IMPORTANT DISCLAIMER: a number of files are used in the analysis - placeholders have been integrated in their place in the provided code. Note that to run the code one will have to download/generate all necessary files and change the placeholders. A thorough description of where to download associated files is provided beneath, however there might be some slight changes to the structure of the files etc. which might cause the processing not to run. As this is probably the result of a change in the structure of the file, it can be probably resolved by verifying confirmity of the structure with the code. If there are any issues, please contact [email protected].

Preprocessing

The notebook Deciphering_CIMP_Preprocessing.ipynb is used for the thorough preprocessing of the data (non-CGI, NA, non-variable, purity correction and age-related). More details can be found in the Methods section of the aforementioned paper.
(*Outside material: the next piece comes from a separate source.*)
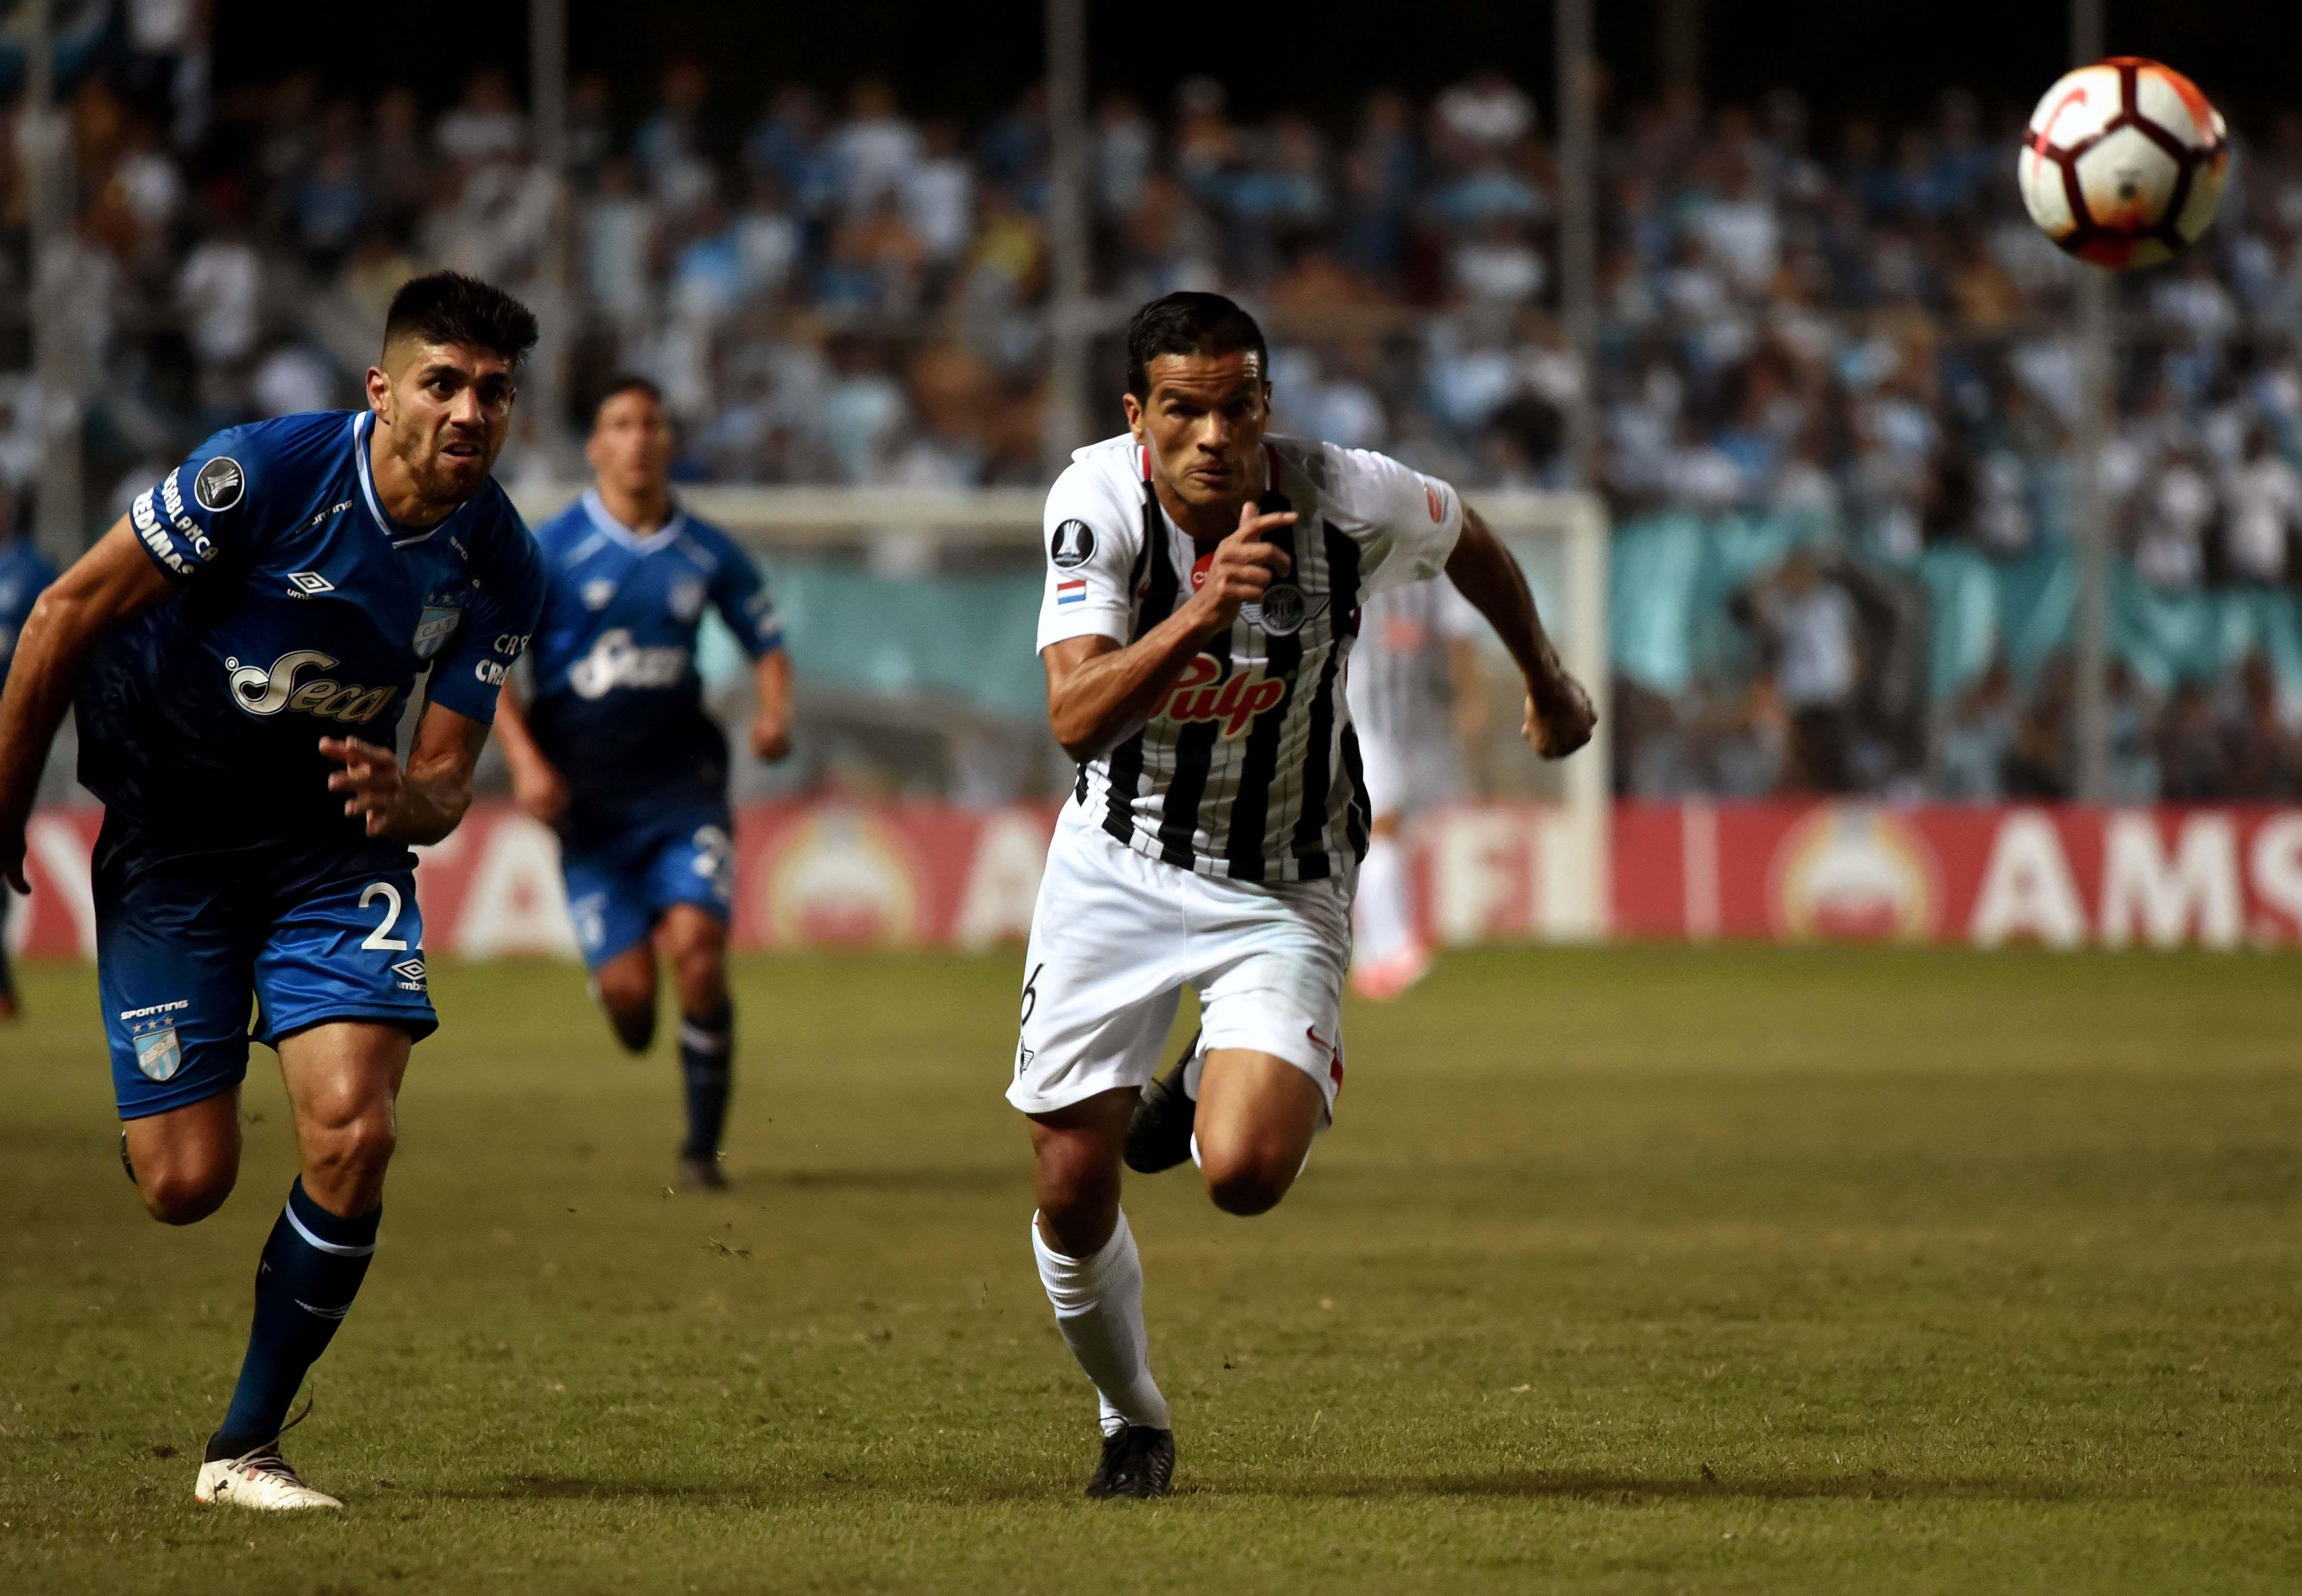 Libertad y Atlético Tucumán empataron y clasificaron

What data to download to replace the placeholders:

survival_dir = files can be downloaded from the UCSC Xena data portal, under the sections "phenotype - survival data" for all analyzed cancer types. For example, the file for ACC is this file.
clin_dir = files can be downloaded from the UCSC Xena data portal, under the sections "phenotype - phenotype" for all analyzed cancer types. For example, the file for ACC is this file.
info_dir = path to the folder to save the results of the preprocessing of clinical and methylation data.
raw_dir = files can be downloaded from the UCSC Xena data portal, under the sections "DNA methylation - Illumina Human Methylation 450" for all analyzed cancer types. For example, the file for ACC is this file.
estimate_purity_dir = ESTIMATE purity estimations can be downloaded from here. We want to save the ESTIMATE scores (preprocessing might vary depending on the format of the downloaded file).
CPE purity file = the file corresponds to the "Supplementary Data 1" file of this article. The file needs to be saved in csv format prior to being uploaded in the notebook.
Illumina 450k annotation file = the file corresponds to "GPL13534_HumanMethylation450_15017482_v.1.1.csv.gz" and can be downloaded from here.
std_dir, purity_dir, nnls_dir, age_r_dir = folders to save your analyses for standard deviation filtering, purity correction, NNLS estimates, age related cpgs
admp_dir = the files in this directory correspond to the age-dependent cpgs identified by Slieker et al. in their paper, that can be found in Table S2. For ease, this file was transfored in the following manner: each tissue-specific loss (resp. gain) CpG was saved in a .txt file where every CpG probe was separated by \n named TISSUE_loss.txt (resp. _gain).

Analysis

The notebook Deciphering_CIMP_Analysis.ipynb is used for the subsequent analysis as described in the Methods section.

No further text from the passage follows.